Meteors and Meteorites
The term meteor for what is usually called a shooting star bears an unfortunate resemblance to the term meteorology, the science of weather and weather forecasting. This resemblance is due to an ancient misunderstanding that wrongly considered meteors an atmospheric phenomenon. Actually, the streak of light in the sky that scientists call a meteor is essentially an astronomical phenomenon: the entry of a small piece of cosmic matter into our atmosphere.
The distinction between meteors and fireballs (formerly also called bolides) is merely one of convenience; a fireball is an unusually bright meteor. Incidentally, it also means that a fireball is larger than a faint meteor.
Objects that enter our atmosphere become visible when they are about 60 mi above the ground. The fact that they grow hot enough to emit light is not due to the “friction” of the atmosphere, as one often reads. The phenomenon responsible for the heating is one of compression. Unconfined air cannot move faster than the speed of sound. Since the entering meteorite moves with 30 to 60 times the speed of sound, the air simply cannot get out of the way. Therefore, it is compressed like the air in the cylinder of a diesel engine and is heated by compression. This heat—or part of it—is transferred to the moving object. The details of this process are now fairly well understood as a result of reentry tests with ballistic-missile nose cones.
The average weight of an object producing a faint shooting star is only a small fraction of an ounce. Even a bright fireball may not weigh more than 2 or 3 lb. Naturally, the smaller objects are worn to dust by the passage through the atmosphere; only rather large ones reach the ground. Those that are found are called meteorites. (The meteor, to repeat, is the term for the light streak in the sky.) Thousands of meteorites fall to Earth each year.
The largest meteorite known is still embedded in the ground near Grootfontein in southwest Africa and is estimated to weigh 70 tons. The second-largest known is the 34-ton Anighito (on exhibit in the Hayden Planetarium, New York), which was found by Admiral Peary in 1892 at Cape York in Greenland. The largest meteorite found in the United States is the Willamette meteorite (found in Oregon, weight ca. 15 tons), but large portions of this meteorite weathered away before it was found. Its weight as it struck the ground may have been 20 tons.
All these are iron meteorites (an iron meteorite normally contains about 7% nickel), which form one class of meteorites.

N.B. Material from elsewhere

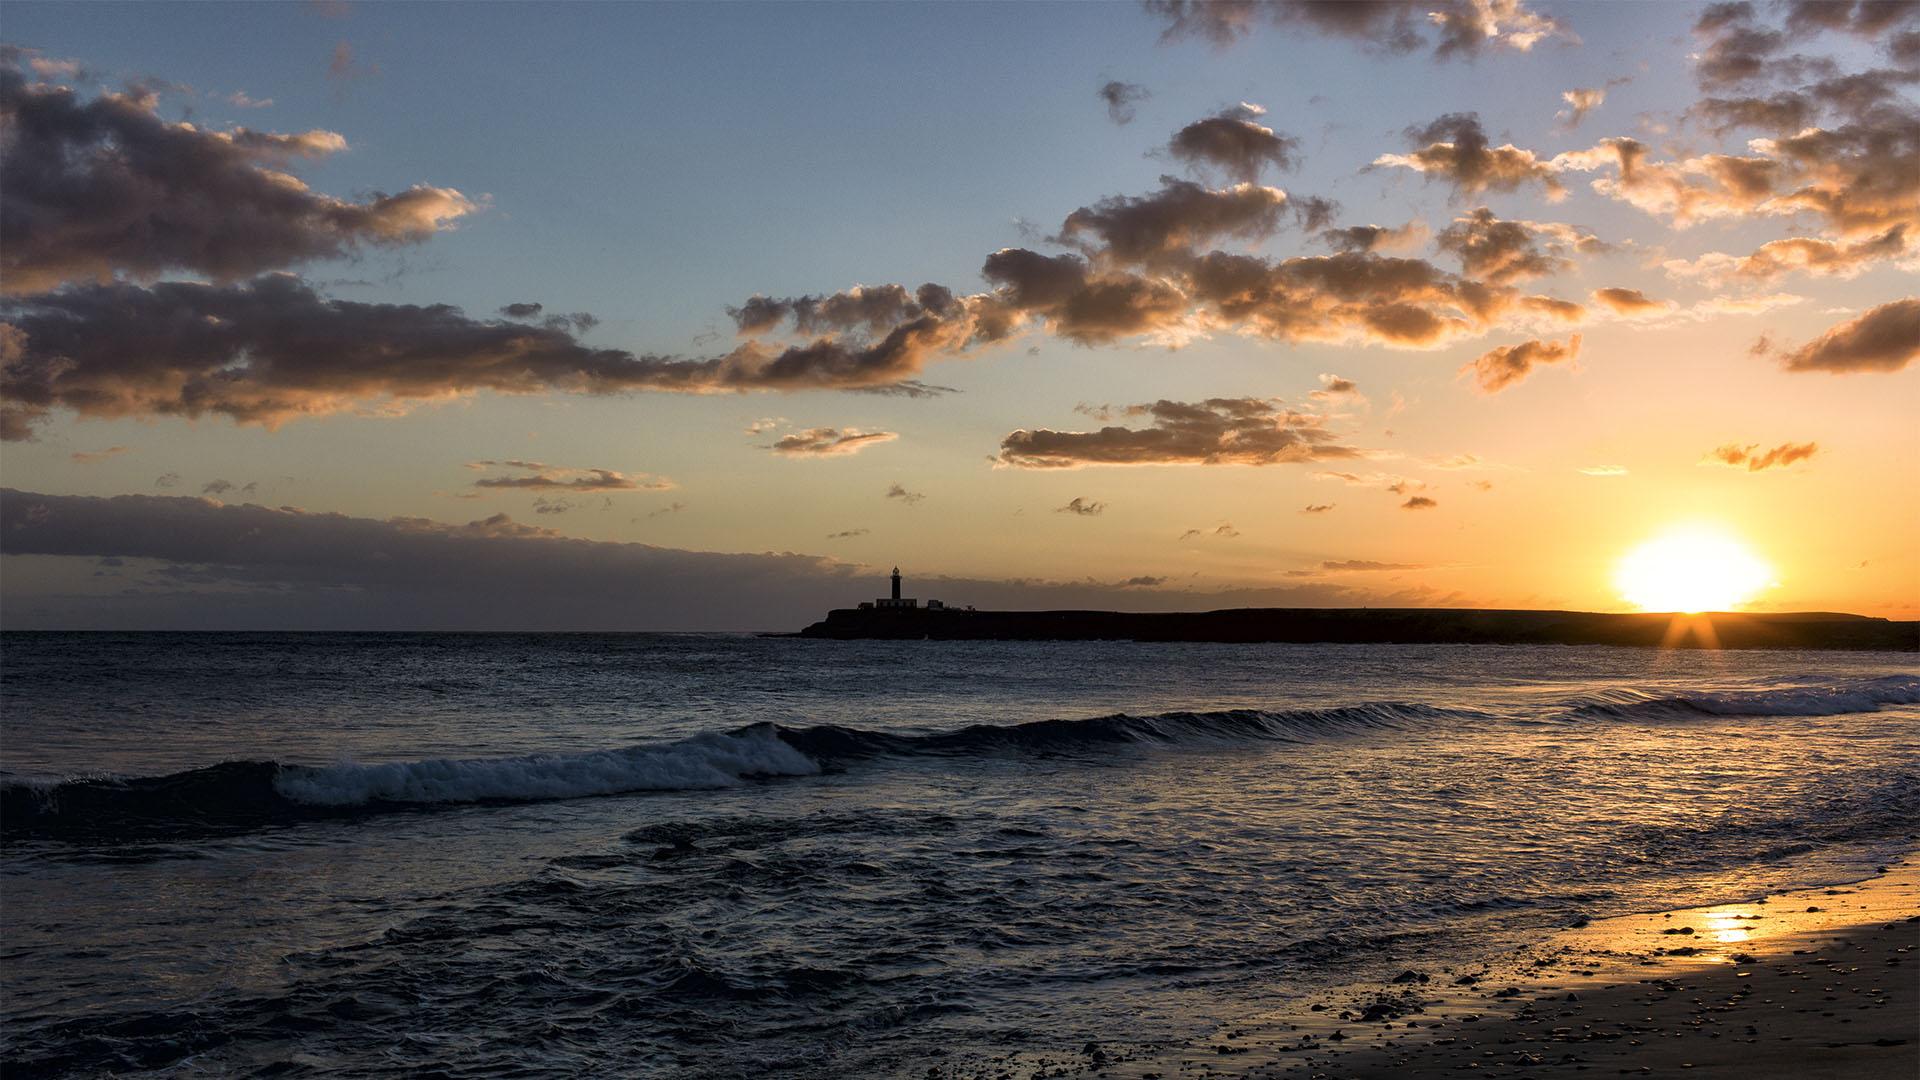 Atemberaubende Sonnenuntergänge besonders im Herbst –Faro de Punta de Jandía Fuerteventura.

The other class consists of the stony meteorites, and between them there are the so-called stony irons. Tektites consist of silica-rich glass similar to our volcanic glass obsidian, and because of the similarity, there is doubt in a number of cases whether the glass is of terrestrial or of extraterrestrial origin.
Though no meteorite larger than the Grootfontein is actually known, we do know that Earth has, on occasion, been struck by much larger bodies. Evidence for such hits are the meteorite craters, of which an especially good example is located near the Cañon Diablo in Arizona. Another meteor crater in the United States is a rather old crater near Odessa, Tex. A large number of others are known, especially in eastern Canada; and for many “probables,” meteoric origin has now been proved. Some scientists theorize that the mass extermination of dinosaurs from the face of Earth 65 million years ago was due to a large meteor that struck our planet at that time.
Meteor showers are caused by multitudes of very small bodies traveling in swarms. Earth travels in its orbit through these swarms like a car driving through falling snow. The point from which the meteors seem to emanate is called the radiant and is named for the constellation in that area. The Perseid meteor shower in August is the most spectacular of the year, boasting, at peak, roughly 60 meteors per hour under good atmospheric conditions. The presence of a bright moon diminishes the number of visible meteors.